By Pauline Kerr
The phone rings. After a moment’s delay, the mechanical voice identifies itself as Visa security, and describes a couple of weird charges on a credit card.
At that point, most people mutter a few choice words and hang up. The call is obviously a scam.
The volume of these calls seems to be increasing, or it could be that more of us are at home because of COVID-19 to receive the calls. Frustrating.
The type of call seems to be changing too – not so much frustrating as disturbing. Someone told the police are on their way with a search warrant might not recognize it as a scam, especially since the call can be made to look like it comes from a local police phone number.
It seems quite plausible in this age of identity theft that some piece of identification could have been stolen or copied, and then used in commission of a crime. When a sympathetic caller suggests bank accounts may have been compromised – they can check, just give them the account numbers and passwords – a person might.
Of course, the caller might take a different tack and suggest the person just pay the fine and make the whole mess go away. There is nothing like terrifying a person and then offering them an easy way out, to get them to open their wallet.
The COVID-19 pandemic has offered phone scammers new opportunities to separate us from our hard-earned money.
Someone who might not get out much – which describes a large number of elderly people during a lockdown – might believe a caller pretending to be from Revenue Canada who says special arrangements have been made because of the pandemic to accept new forms of payment for unpaid taxes, for example, gift cards or Bit Coin.

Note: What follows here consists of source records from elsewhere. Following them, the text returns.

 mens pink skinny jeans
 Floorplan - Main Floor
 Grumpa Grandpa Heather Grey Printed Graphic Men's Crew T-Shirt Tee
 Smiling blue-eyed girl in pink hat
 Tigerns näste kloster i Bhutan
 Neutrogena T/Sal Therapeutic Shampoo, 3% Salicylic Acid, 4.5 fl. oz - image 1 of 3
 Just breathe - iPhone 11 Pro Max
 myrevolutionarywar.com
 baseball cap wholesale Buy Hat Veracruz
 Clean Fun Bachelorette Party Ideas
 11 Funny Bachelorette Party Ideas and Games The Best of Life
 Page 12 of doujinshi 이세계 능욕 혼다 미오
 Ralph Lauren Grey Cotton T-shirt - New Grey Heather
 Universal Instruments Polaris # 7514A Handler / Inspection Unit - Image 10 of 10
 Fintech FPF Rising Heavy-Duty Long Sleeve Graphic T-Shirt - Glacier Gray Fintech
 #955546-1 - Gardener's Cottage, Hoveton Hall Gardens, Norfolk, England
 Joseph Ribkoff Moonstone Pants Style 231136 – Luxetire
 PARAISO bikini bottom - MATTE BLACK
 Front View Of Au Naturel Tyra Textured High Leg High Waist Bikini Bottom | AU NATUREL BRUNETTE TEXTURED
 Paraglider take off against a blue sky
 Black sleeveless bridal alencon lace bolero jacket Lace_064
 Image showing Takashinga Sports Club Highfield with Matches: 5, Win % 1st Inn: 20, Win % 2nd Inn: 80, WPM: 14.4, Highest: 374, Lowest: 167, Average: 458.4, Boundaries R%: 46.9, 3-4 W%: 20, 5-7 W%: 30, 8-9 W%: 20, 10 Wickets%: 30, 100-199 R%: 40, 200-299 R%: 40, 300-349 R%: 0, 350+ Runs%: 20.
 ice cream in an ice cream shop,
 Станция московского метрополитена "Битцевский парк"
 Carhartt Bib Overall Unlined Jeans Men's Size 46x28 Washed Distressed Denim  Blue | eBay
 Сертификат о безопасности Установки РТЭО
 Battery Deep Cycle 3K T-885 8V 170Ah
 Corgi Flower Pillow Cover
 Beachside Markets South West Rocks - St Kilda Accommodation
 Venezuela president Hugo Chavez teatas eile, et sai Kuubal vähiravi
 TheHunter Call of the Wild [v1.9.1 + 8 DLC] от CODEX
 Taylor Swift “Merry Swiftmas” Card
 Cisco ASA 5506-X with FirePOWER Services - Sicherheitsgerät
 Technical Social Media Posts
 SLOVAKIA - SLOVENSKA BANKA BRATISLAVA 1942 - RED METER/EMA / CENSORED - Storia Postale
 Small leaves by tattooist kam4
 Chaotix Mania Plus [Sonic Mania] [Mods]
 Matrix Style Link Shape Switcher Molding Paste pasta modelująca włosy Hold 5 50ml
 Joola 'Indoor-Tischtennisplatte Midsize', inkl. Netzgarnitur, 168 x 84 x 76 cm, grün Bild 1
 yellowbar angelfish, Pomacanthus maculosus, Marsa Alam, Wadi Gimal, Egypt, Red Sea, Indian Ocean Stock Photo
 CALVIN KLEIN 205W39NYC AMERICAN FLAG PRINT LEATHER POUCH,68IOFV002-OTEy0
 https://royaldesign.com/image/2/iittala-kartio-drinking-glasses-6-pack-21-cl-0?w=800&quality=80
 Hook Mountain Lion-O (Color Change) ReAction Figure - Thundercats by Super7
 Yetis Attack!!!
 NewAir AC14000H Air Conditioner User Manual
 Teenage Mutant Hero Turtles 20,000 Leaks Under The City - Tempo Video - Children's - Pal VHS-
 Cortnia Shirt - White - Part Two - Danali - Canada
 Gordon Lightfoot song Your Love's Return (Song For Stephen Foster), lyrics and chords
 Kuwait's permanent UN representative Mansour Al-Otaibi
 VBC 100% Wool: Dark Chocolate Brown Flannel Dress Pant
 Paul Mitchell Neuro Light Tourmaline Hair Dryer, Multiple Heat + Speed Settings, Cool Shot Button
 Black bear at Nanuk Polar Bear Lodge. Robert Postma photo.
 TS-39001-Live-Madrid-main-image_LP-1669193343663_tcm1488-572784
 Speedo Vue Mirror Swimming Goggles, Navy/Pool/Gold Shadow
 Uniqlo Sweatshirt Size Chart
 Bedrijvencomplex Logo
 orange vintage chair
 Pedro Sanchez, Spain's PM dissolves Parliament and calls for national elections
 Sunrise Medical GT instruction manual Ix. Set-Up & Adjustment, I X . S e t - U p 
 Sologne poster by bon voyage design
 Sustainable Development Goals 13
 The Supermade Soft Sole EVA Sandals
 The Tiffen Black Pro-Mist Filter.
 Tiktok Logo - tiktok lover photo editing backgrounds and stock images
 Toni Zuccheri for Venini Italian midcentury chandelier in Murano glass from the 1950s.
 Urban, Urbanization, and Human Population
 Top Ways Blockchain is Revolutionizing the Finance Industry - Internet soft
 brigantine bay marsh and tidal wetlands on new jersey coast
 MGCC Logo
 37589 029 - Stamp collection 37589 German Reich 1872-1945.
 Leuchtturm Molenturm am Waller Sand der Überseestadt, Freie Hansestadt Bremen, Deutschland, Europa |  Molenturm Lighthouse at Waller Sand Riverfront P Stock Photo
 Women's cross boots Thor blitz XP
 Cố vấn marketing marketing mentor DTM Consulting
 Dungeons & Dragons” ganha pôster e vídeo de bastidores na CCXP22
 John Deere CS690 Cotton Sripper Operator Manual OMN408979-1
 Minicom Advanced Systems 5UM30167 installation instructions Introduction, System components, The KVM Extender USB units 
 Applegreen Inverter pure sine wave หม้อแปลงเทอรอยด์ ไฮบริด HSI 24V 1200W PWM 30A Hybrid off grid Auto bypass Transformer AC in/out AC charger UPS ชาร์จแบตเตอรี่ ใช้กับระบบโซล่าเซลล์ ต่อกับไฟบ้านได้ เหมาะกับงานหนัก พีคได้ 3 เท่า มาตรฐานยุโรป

Scammers like to target people who are elderly or who have cognitive deficits, new Canadians who may not understand how our banking or police systems work, and anyone who is naïve or vulnerable in some way.
Their dream come true is a loving, generous and naïve grandma who lives on her own. She might believe a grandchild off skiing somewhere needs bail money immediately, and even better, might be too embarrassed to tell anyone after she figures out she has been scammed.
Not that it matters if she actually calls police. Most phone scammers operate from outside Canada, despite what that number on call display indicates. A report will be filed with local police and the Canadian Anti-Fraud Centre. And there will be another public service announcement alerting people on how to avoid being victimized by the latest phone fraud. Public education is how our government responds to this type of crime.
We realize going after criminals in other countries is hard, but not impossible. If the crime even hints at terrorism, it seems quite doable.
Perhaps we should start referring to certain cases of phone fraud as terrorism – scaring the living daylights out of some poor soul by threatening to haul him off to jail for not paying his taxes would certainly qualify.
Perhaps a government official would kindly explain, in terms we can understand, why a country as forward-thinking and tech-savvy as Canada has not done a better job of protecting our telecommunications system from crime. They might tell us how scammers can make millions of overseas phone calls per day at virtually no cost, while regular customers pay big money for every call.
And perhaps those of us who have been victimized by a phone scam or are simply tired of those early morning robocalls from the fake Visa security clown could ask why Canada continues to provide foreign aid to countries where phone scam call centres are known to operate freely.
In the meantime, we need to read up on the latest Revenue Canada scams. Tax season is almost upon us, and what with CERB and other COVID-related mixups, it promises to be fairly chaotic.
The scammers, darned their nasty, four-sizes-too-small hearts, will be taking full advantage.